### Recorded information

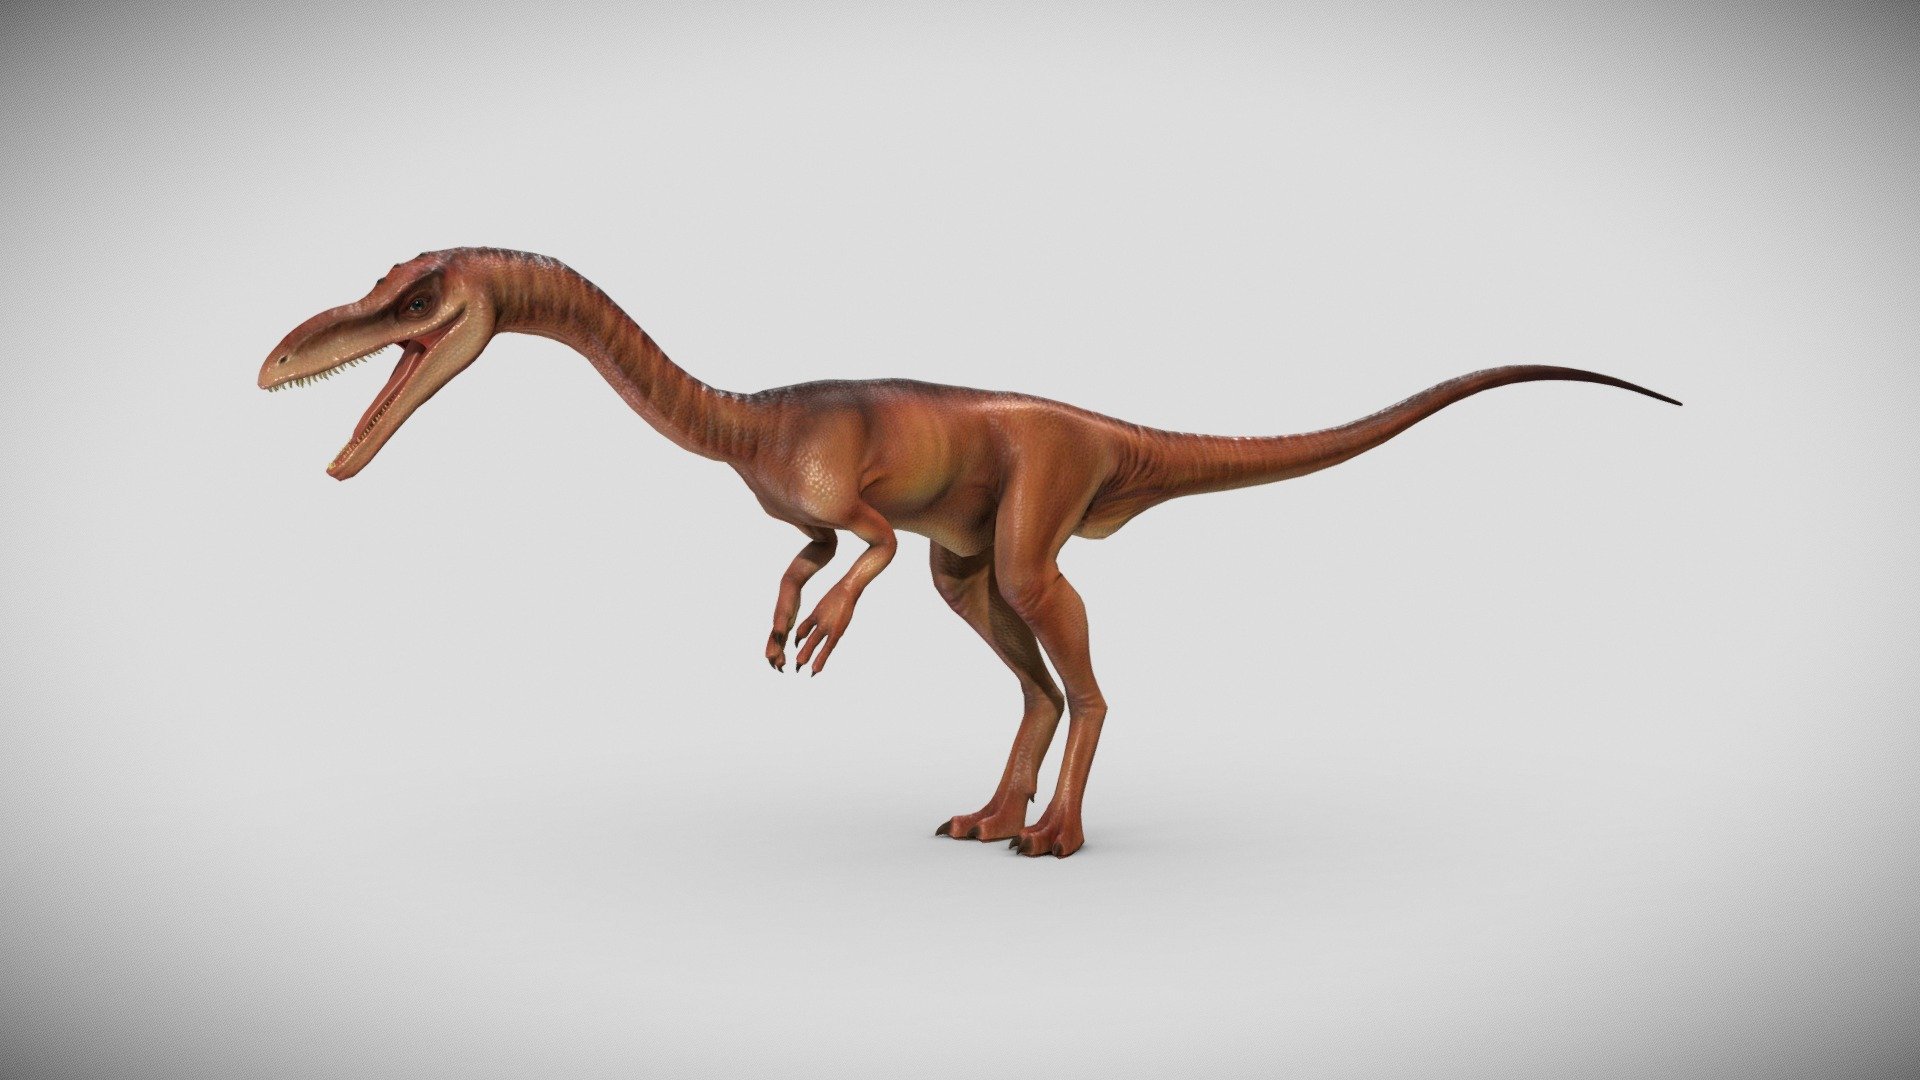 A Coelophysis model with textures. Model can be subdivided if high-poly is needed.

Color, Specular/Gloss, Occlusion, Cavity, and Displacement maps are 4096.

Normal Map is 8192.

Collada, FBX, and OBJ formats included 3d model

######

- [Exercise aim] Retype the listing verbatim, minus every image.

- [Written solution]
 A Coelophysis model with textures. Model can be subdivided if high-poly is needed.

Color, Specular/Gloss, Occlusion, Cavity, and Displacement maps are 4096.

Normal Map is 8192.

Collada, FBX, and OBJ formats included 3d model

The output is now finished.